Она постановила, чтоб мы виделись дважды в неделю. Не чаще — чаще нельзя, это может привлечь внимание. Пойдут разговоры. А молодой девушке такие разговоры ни к чему, они могут испортить ее репутацию.
И все же мы виделись почти каждый вечер. Я отдал ей свой гербарий, и она говорила, что занимается сбором растений. Она, между прочим, в те две недели немножко занималась ботаникой.
В пределах, установленных различными ее соображениями, нам было хорошо. Я был влюблен и восхищен, но иногда взбешен и обижен — иначе и не могло быть. Поскольку соображений у нее было множество. Существовал ряд вещей, которых не могла себе позволить молодая девушка. Девушка обязана блюсти себя, не то она пропадет за бесценок. Девушка должна знать себе цену и следить, как бы она не снизилась. Сохранной и невредимой она должна сберечь себя для будущего супруга.

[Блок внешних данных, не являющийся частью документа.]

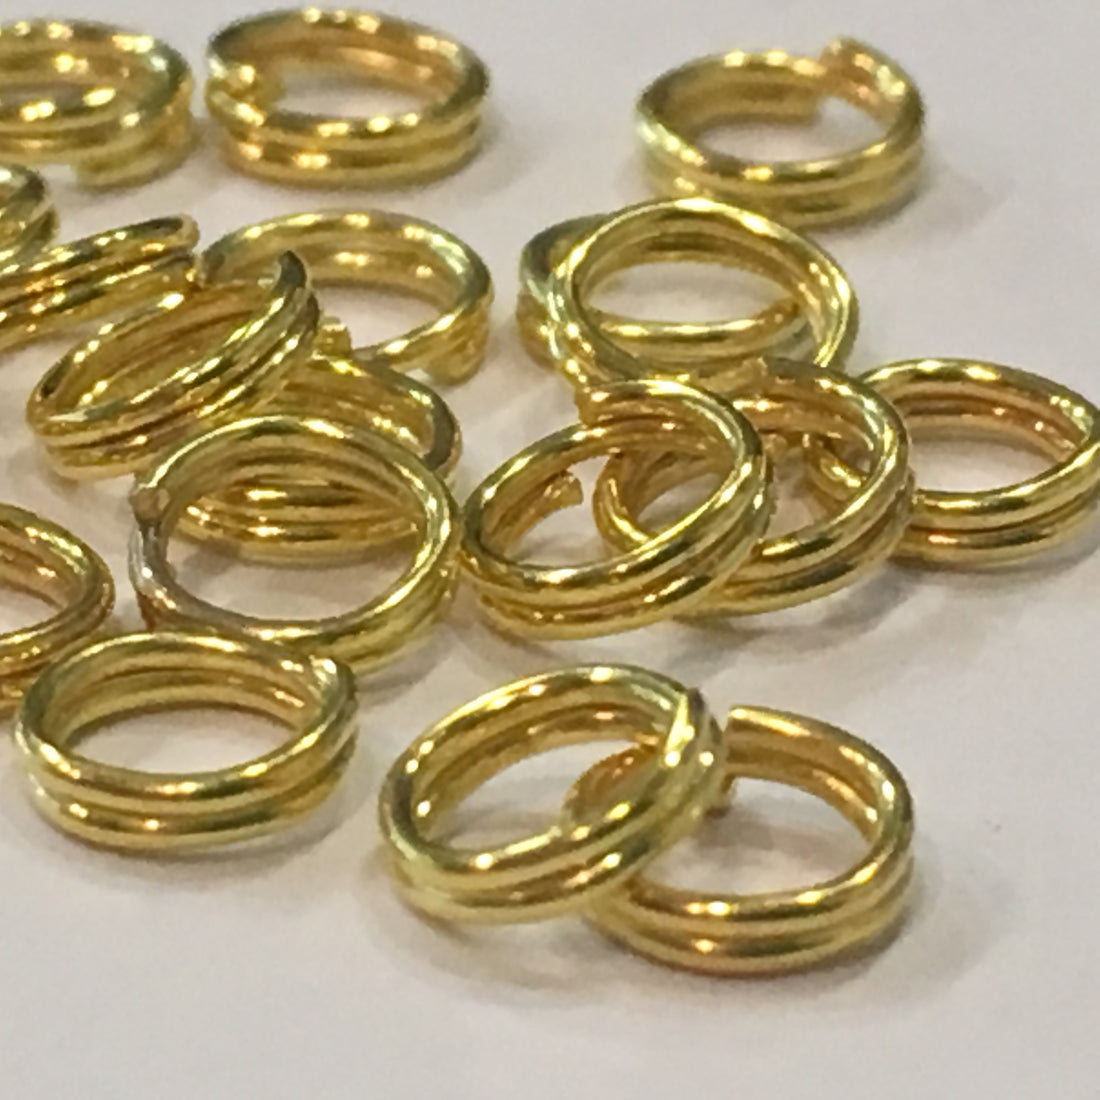 Jump Ring Sizes, Thickness and Inner Diameters
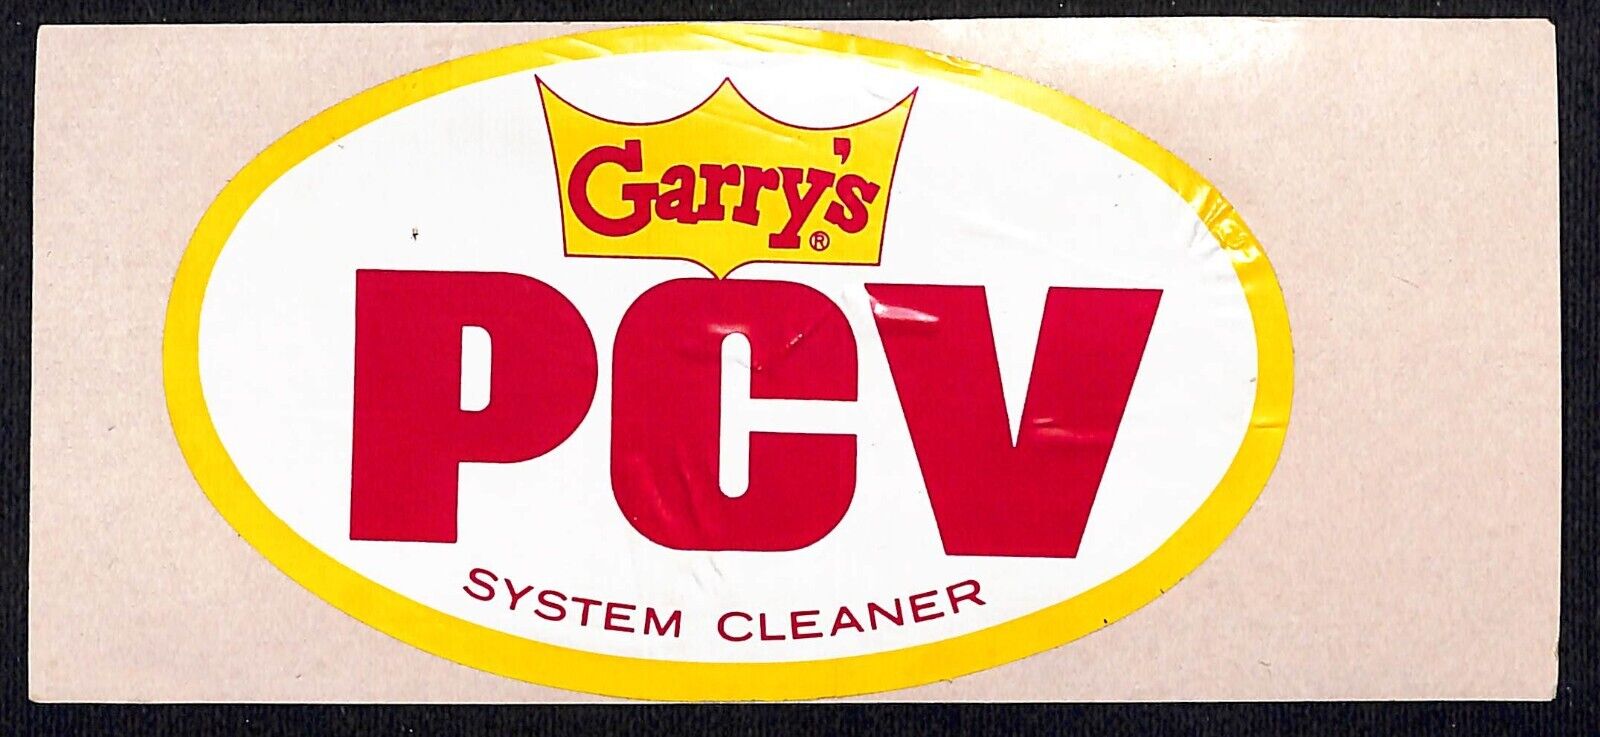 Garry\'s PCV System Cleaner Car Racing / Auto Sticker c1970

Ну, а я, — о, я ей нравлюсь, страшно нравлюсь, но мы ведь оба так молоды, и кто знает, что будет с нами через год, не то что через три, когда я — самое раннее, я же сам говорил — смогу кончить занятия…
Но, с другой стороны, было очевидно, что кое-что я все же могу себе позволить и кое-что она может себе позволить. Мы могли себе позволить целоваться сколько угодно или почти сколько угодно. Мы могли обниматься и быть так близко, так близко — только не т а к близко. И я мог, когда ясно было, что нас никто не увидит, разглядывать ее, трогать ее, целовать и гладить и — о, впрочем, неизвестно, в самом ли деле мне это разрешалось. Но тут она не могла мне отказать, потому что ей самой это было так приятно, и потом — это же не было то самое, что надо беречь, что надо держать нетронутым капиталом для суженого…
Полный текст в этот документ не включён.